If I'm not mistaken, the inclusion of a complex part to the frequency is part of a limiting procedure, so the $\epsilon$ term vanishes anyways. In other words, you get the integral with no complex frequency by taking the limit of that expression as $\epsilon$ goes to 0. Then to get DC conductivity, you just plug in $\omega = 0$ and that should do it.

 

[lichen1983312]

If I'm not mistaken, the inclusion of a complex part to the frequency is part of a limiting procedure, so the $\epsilon$ term vanishes anyways. In other words, you get the integral with no complex frequency by taking the limit of that expression as $\epsilon$ goes to 0. Then to get DC conductivity, you just plug in $\omega = 0$ and that should do it.

I mean we need to deal with a integral like
$\int_0^\infty {dt{e^{i\omega t}}} {e^{i({E_m} - {E_n})t}} = \int_0^\infty {dt{e^{i({E_m} - {E_n} + \omega )t}} = } \left. {\frac{{{e^{i({E_m} - {E_n} + \omega )t}}}}{{i({E_m} - {E_n} + \omega )}}} \right|_0^\infty$
if $\omega$ have no imaginary part, ${{e^{i({E_m} - {E_n} + \omega )t}}}$ is not well defined in infinity. we cannot simply take a limiting process that the imagenary part of $\omega$ approching zero to evaluate the integral, right?

 

[Twigg]

Can you tell us what reference you are looking at?

 

[lichen1983312]

I don't have a book, I am looking at files online, here are links of two files
http://www.damtp.cam.ac.uk/user/tong/kintheory/four.pdf
http://phy.ntnu.edu.tw/~changmc/Teach/SM/ch03_.pdf

 

[Twigg]

Sorry for the late reply. Notice for any nonzero value of the imaginary part of frequency, the integral will converge. The shift $\epsilon$ can be made as small as you like, until the error vanishes. Expanding, $$\frac{1}{stuff + i\epsilon} = \frac{1}{stuff} - \frac{i\epsilon}{stuff^{2}} + \mathcal{O}(\epsilon^2)$$ No matter how small your tolerance for error is, you can always find a satisfactory value of $\epsilon$. In short, you never actually set $\epsilon$ to 0, but you set it to an arbitrary small number so that it doesn't matter anymore.

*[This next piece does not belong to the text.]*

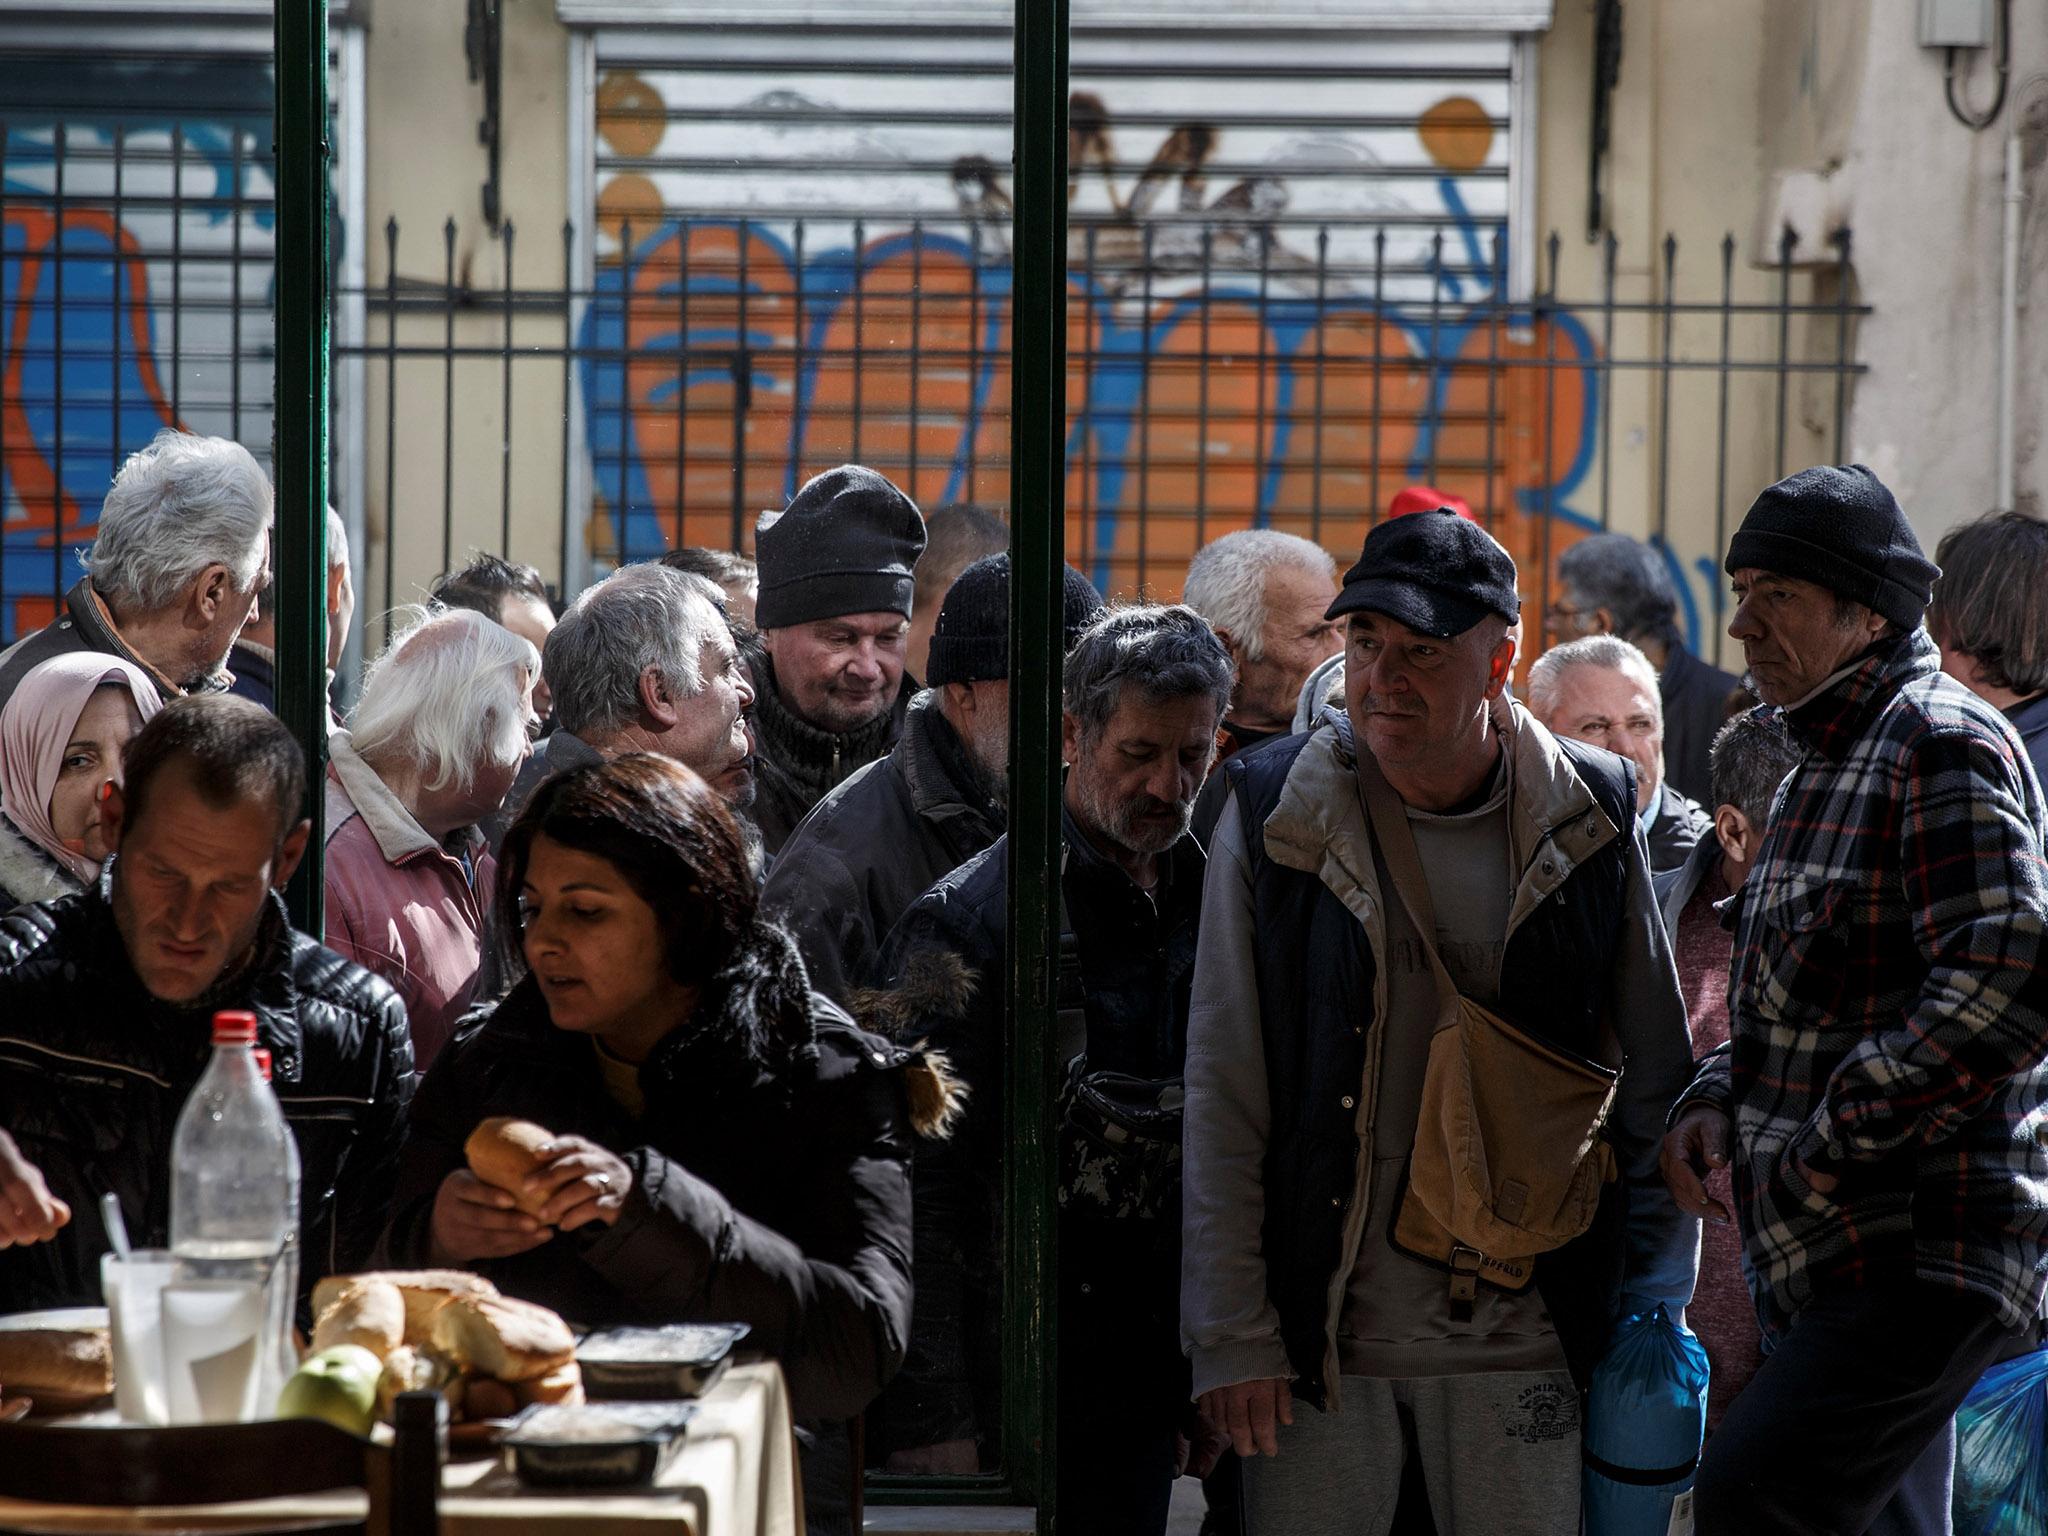 Many on relying on food handouts from soup kitchens like this one at an Orthodox church in Athens

If you are concerned whether this procedure gives a physical result, then consider what the physical implications of shifting the frequency are. The infinitesimal complex part guarantees causality. To set $\epsilon$ to 0 would violate that. So, to get the result you are looking for, you just use an arbitrarily small value of $\epsilon$. You end up dropping it out of the formula because it's unnecessary clutter and has no experimental meaning.

Does this help?

 

[lichen1983312]

Thanks very much for your help. I can vaguely feel adding a small $\epsilon$ here has something to do with the causality, which is the part I tried to skip when I was deriving the conductivity. But, like you said, we are studying physics, adding something non-physical can always make trouble for understanding. Plus, your argument
$\frac{1}{stuff + i\epsilon} = \frac{1}{stuff} - \frac{i\epsilon}{stuff^{2}} + \mathcal{O}(\epsilon^2)$
seem doesn't apply here, since we already know when $\varepsilon = 0$ the integral doesn't converge at all. So mathematically, this is really a case no matter how small $\varepsilon$ is, it matters.

 

[Twigg]

I'm not saying that the expansion I gave approximates the integral when $\epsilon = 0$. I'm saying $\epsilon$ can't be 0 for physical reasons, but it can be chosen to be arbitrarily small. To summarize, the causality requirement implies that the Fourier transform of the susceptibility, taken as a function of complex frequencies, can't have any poles in the upper half plane. That means if you try to evaluate the integral for $\epsilon = 0$, you get an un-causal result that has poles on the real axis (regardless of whether or not it converges). To prove this, you can show that the imaginary part of the exact integral when $\epsilon = 0$ gives you a factor of $\delta(\omega - E_m - E_n)$ in the imaginary part (I may have mixed up my n's and m's but you get the point). If you leave in some non-zero value of $\epsilon$, you get a causal result that has only poles in the lower half plane. The reason we can get rid of the $\epsilon$ is that we can make it any positive number greater than 0 and still keep causality happy. If you can make that value of $\epsilon$ as small as you like, then taking the zero-th order term in the series expansion is an exact result.

 

[lichen1983312]

I'm not saying that the expansion I gave approximates the integral when $\epsilon = 0$. I'm saying $\epsilon$ can't be 0 for physical reasons, but it can be chosen to be arbitrarily small. To summarize, the causality requirement implies that the Fourier transform of the susceptibility, taken as a function of complex frequencies, can't have any poles in the upper half plane. That means if you try to evaluate the integral for $\epsilon = 0$, you get an un-causal result that has poles on the real axis (regardless of whether or not it converges). To prove this, you can show that the imaginary part of the exact integral when $\epsilon = 0$ gives you a factor of $\delta(\omega - E_m - E_n)$ in the imaginary part (I may have mixed up my n's and m's but you get the point). If you leave in some non-zero value of $\epsilon$, you get a causal result that has only poles in the lower half plane. The reason we can get rid of the $\epsilon$ is that we can make it any positive number greater than 0 and still keep causality happy. If you can make that value of $\epsilon$ as small as you like, then taking the zero-th order term in the series expansion is an exact result.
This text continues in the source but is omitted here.